▶ _Exercise goal_
Repeat the lines from the line with "This is very" to the line with "Excellent conditon" in the listing below, keeping both end lines and adding nothing.

▶ _Data records_
* * * *
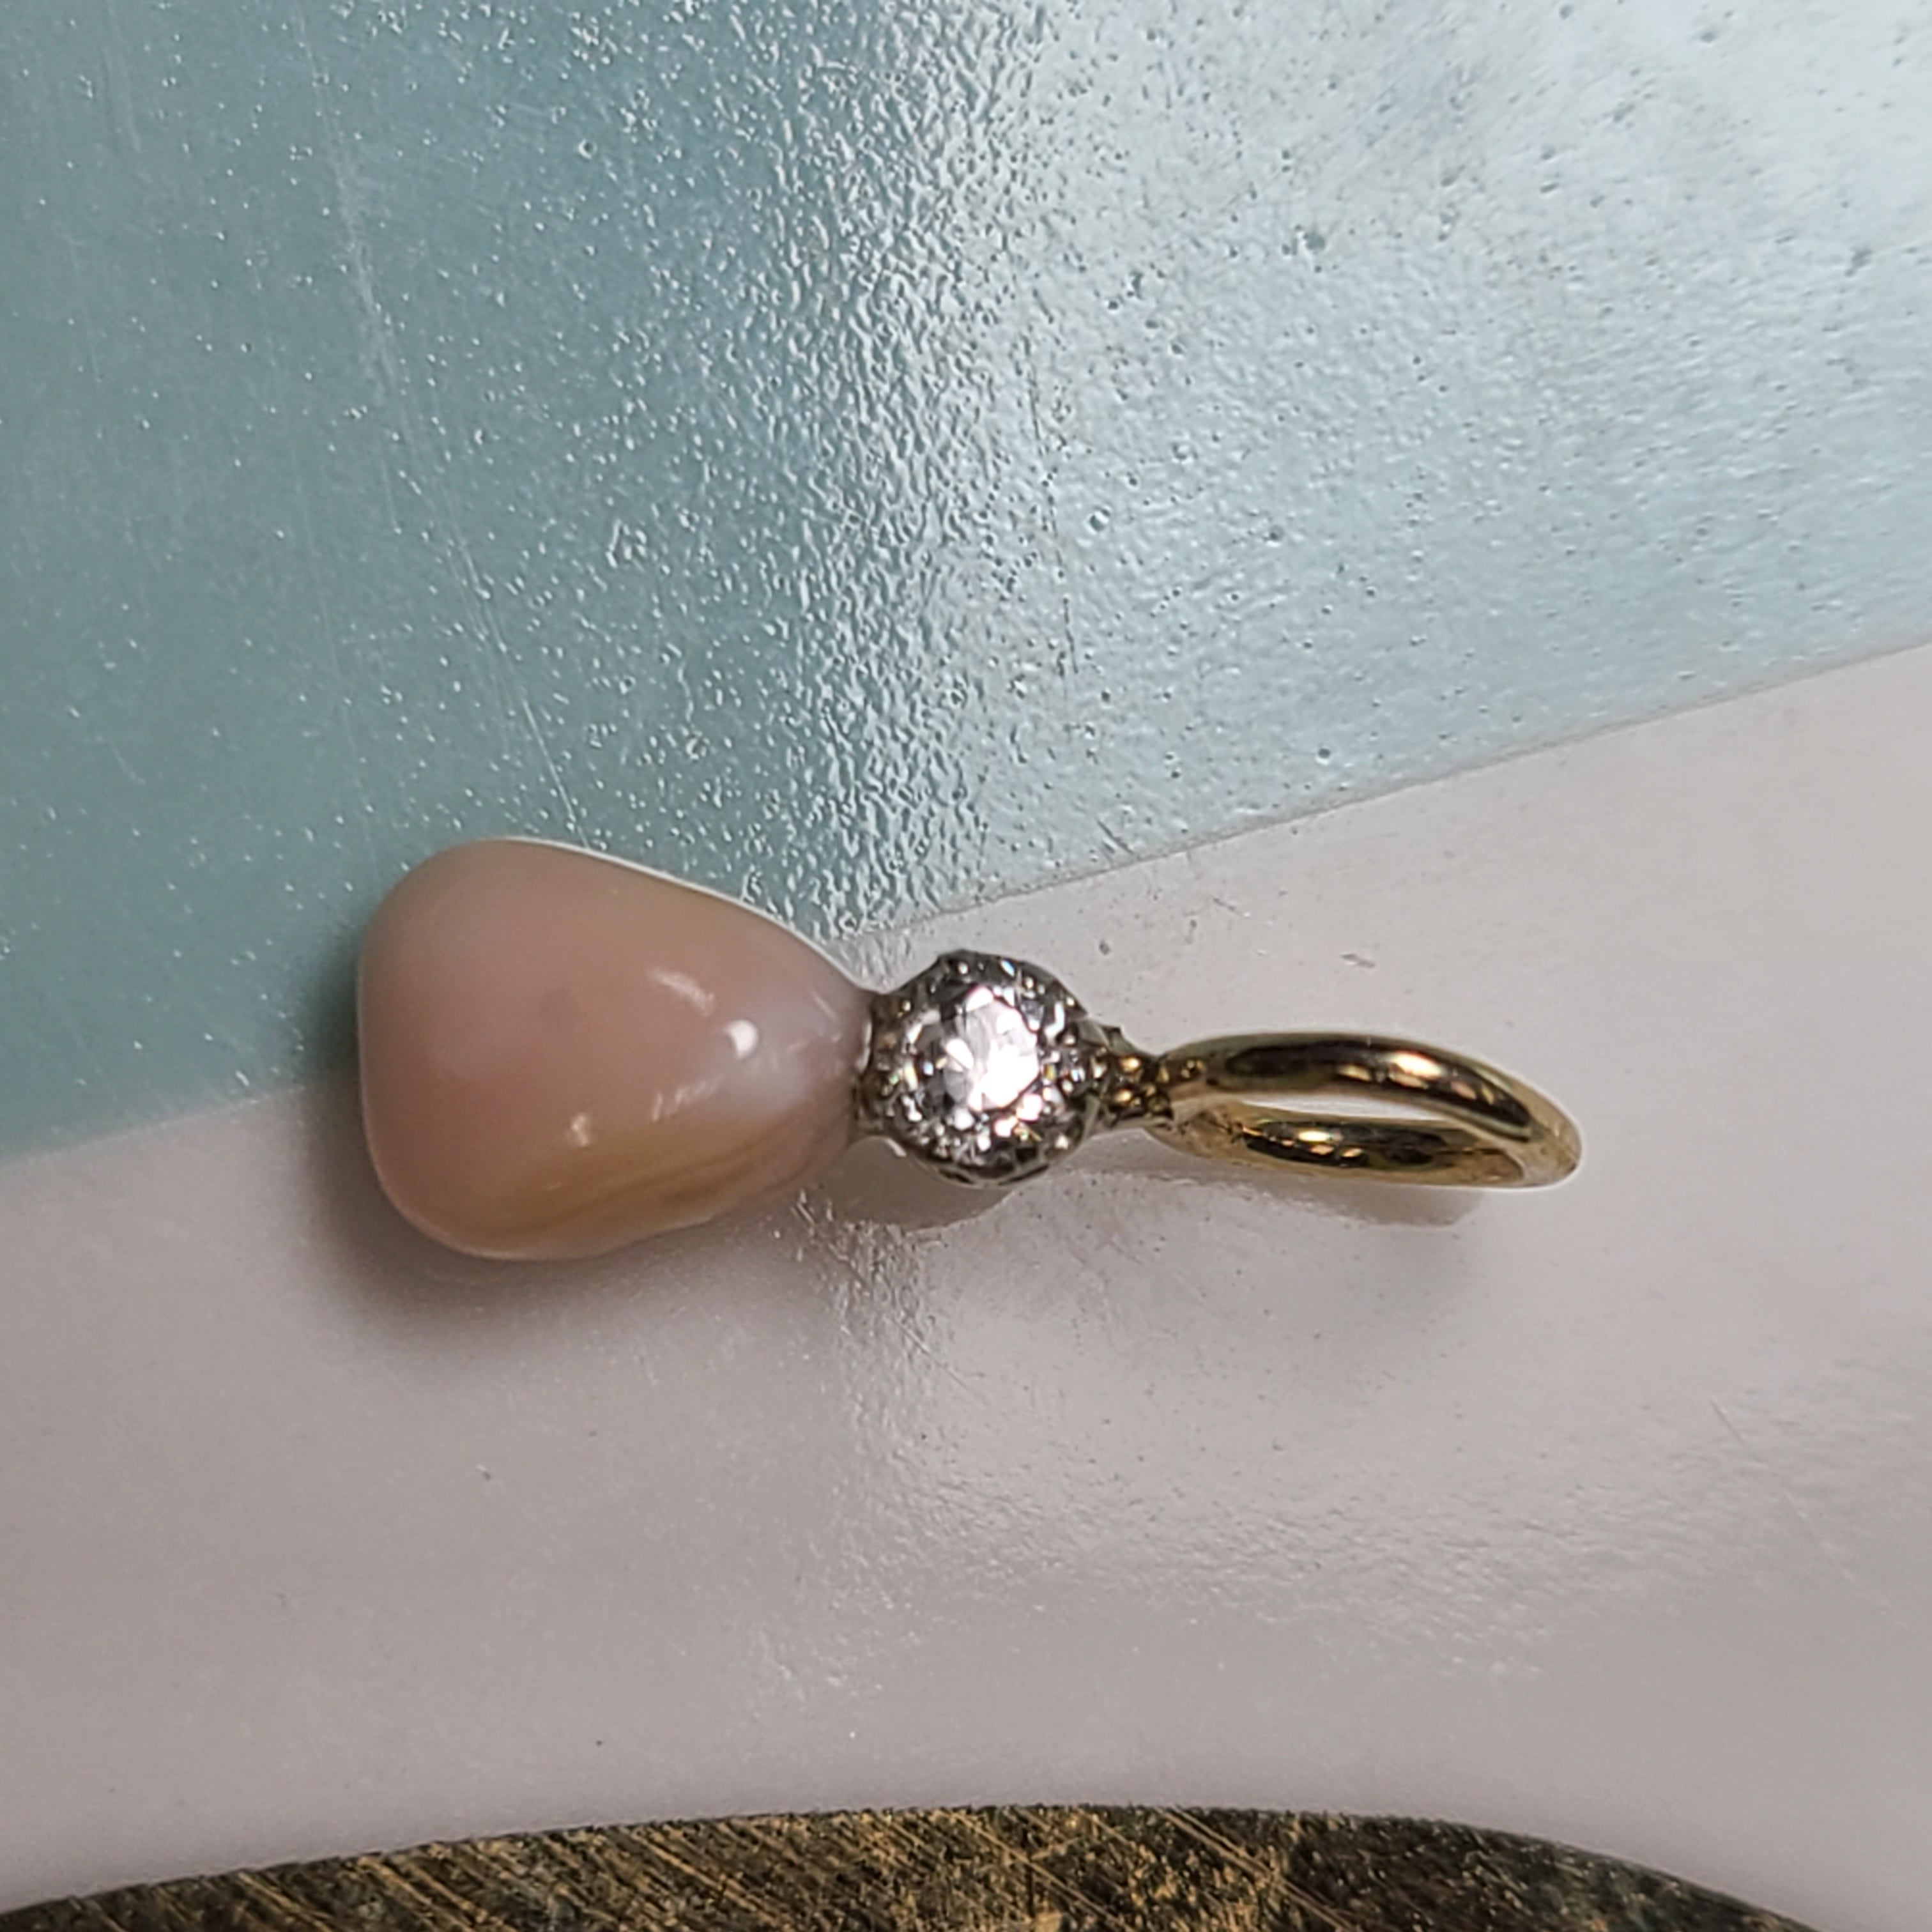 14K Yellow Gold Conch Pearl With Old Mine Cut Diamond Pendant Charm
* * * *
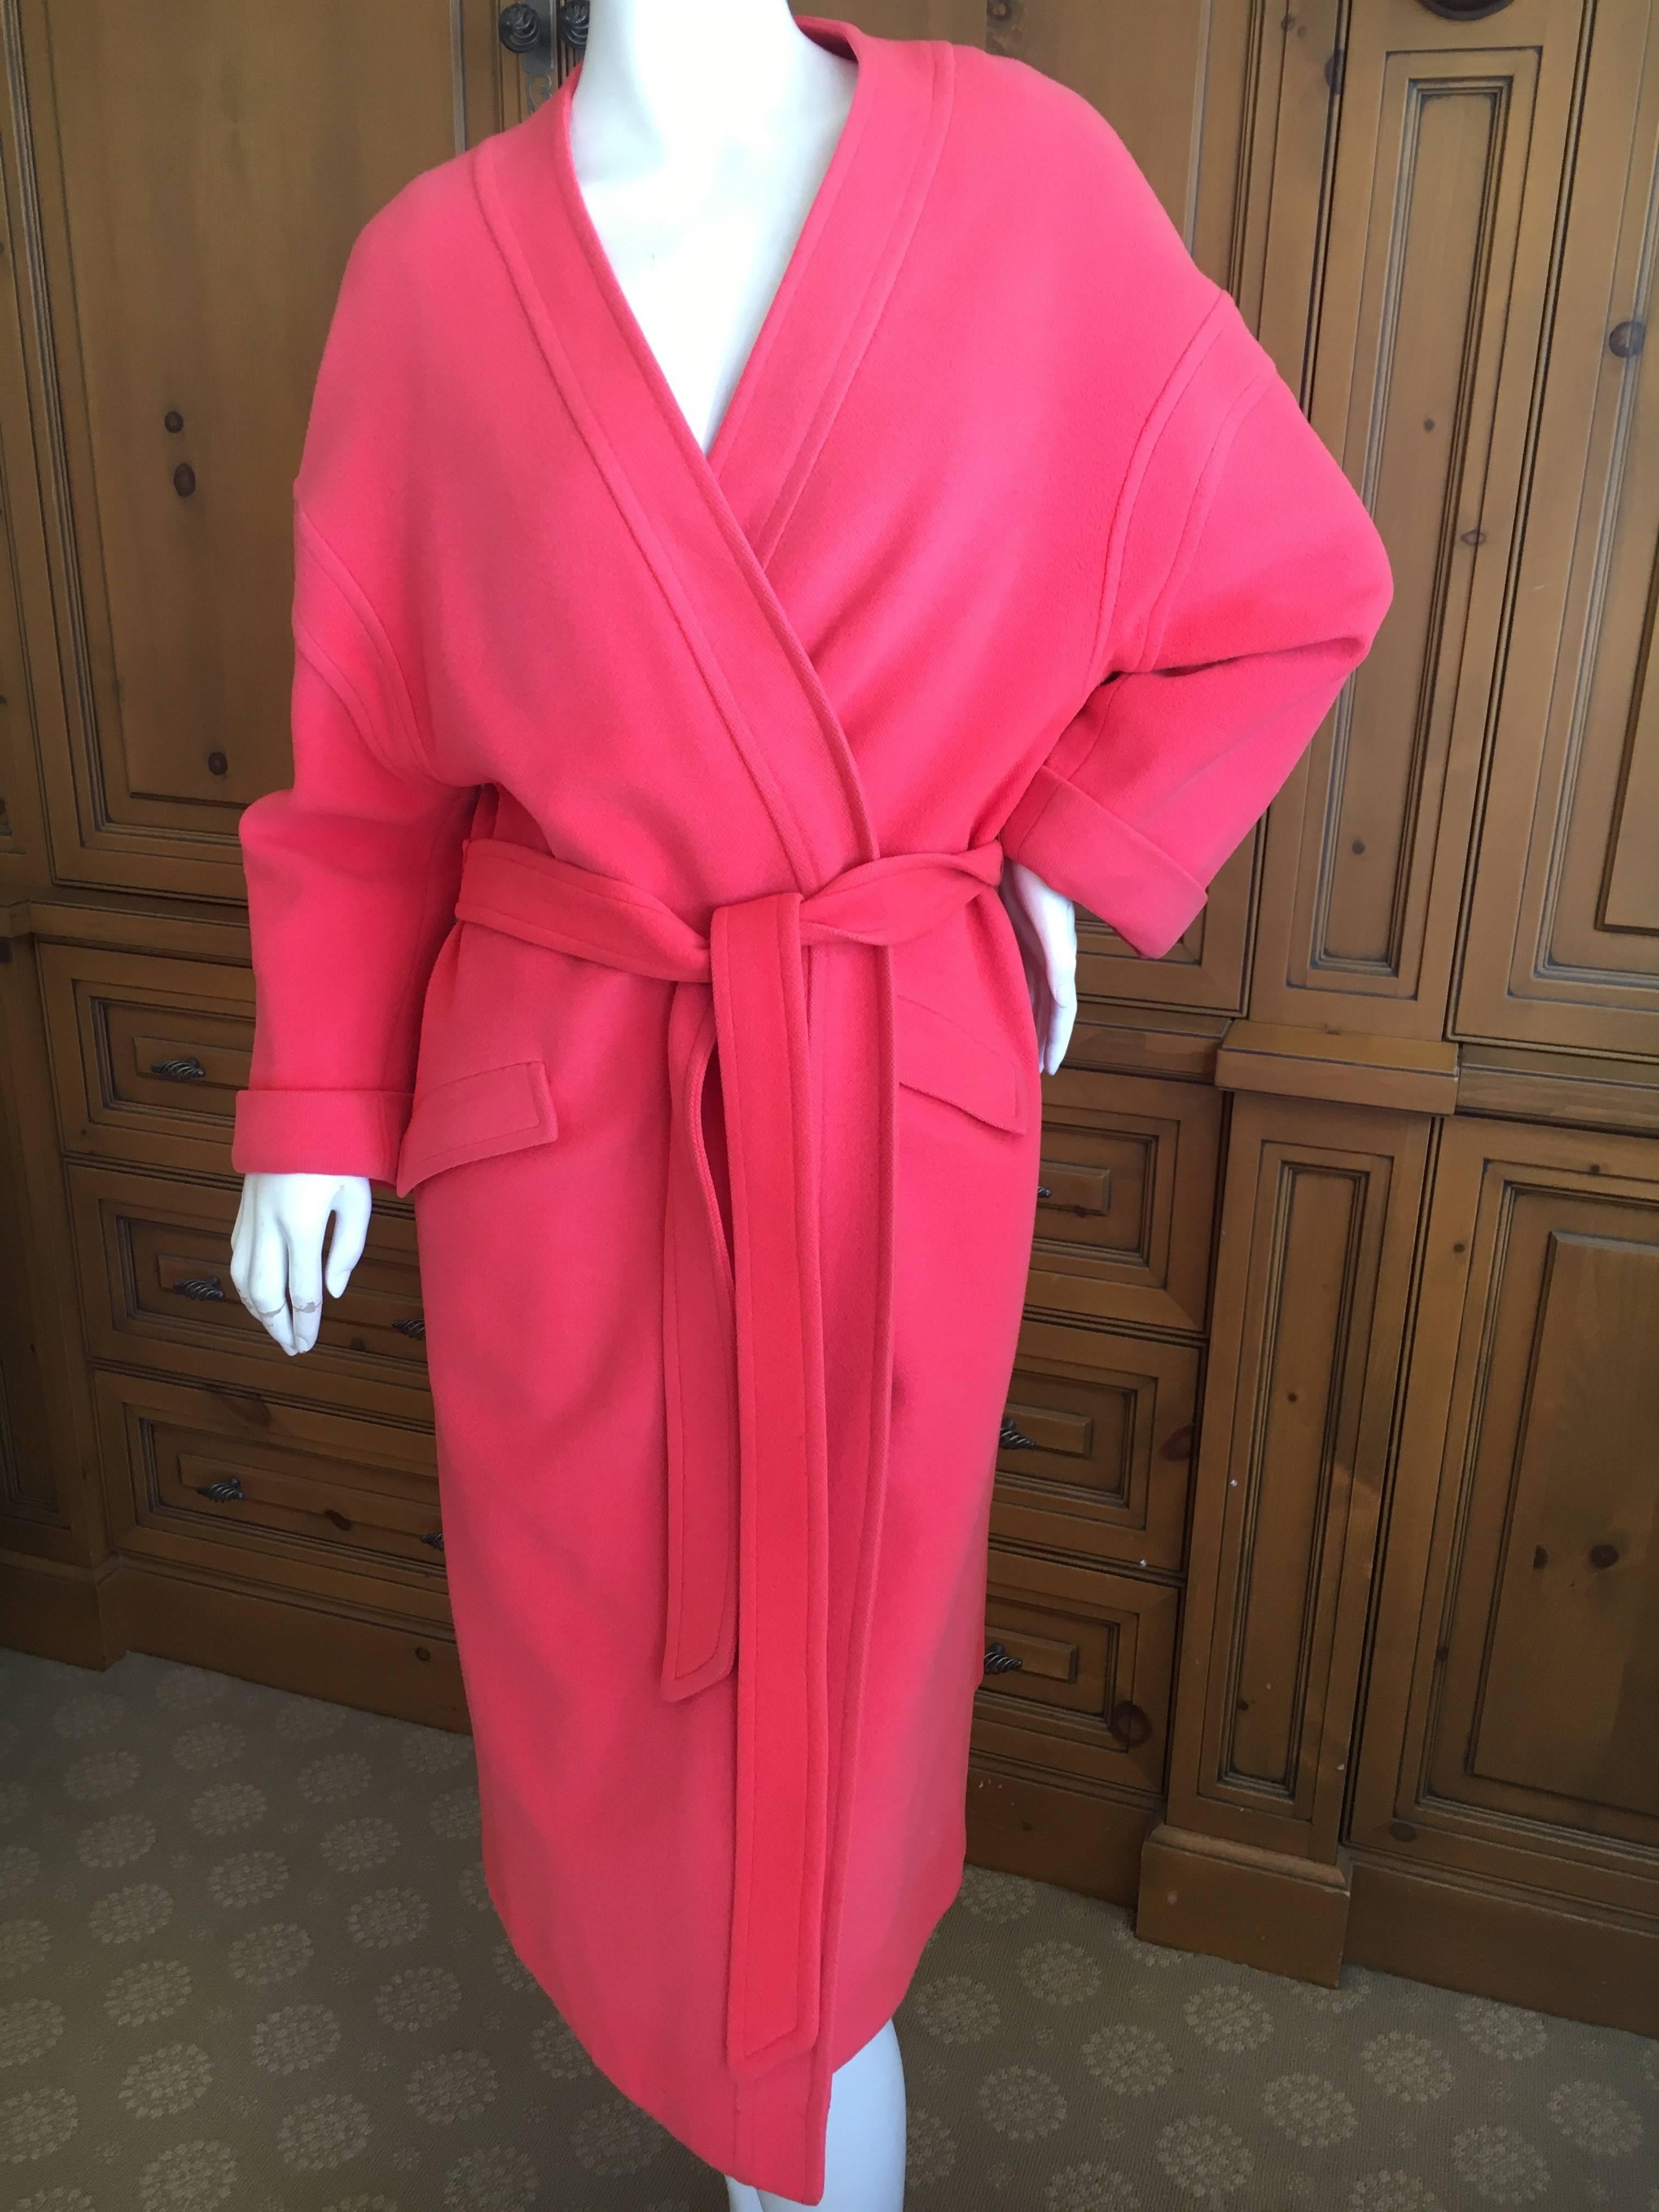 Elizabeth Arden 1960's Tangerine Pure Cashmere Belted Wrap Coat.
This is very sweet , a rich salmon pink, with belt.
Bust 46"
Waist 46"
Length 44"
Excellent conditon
* * * *
▶ _Answer to this task_
This is very sweet , a rich salmon pink, with belt.
Bust 46"
Waist 46"
Length 44"
Excellent conditon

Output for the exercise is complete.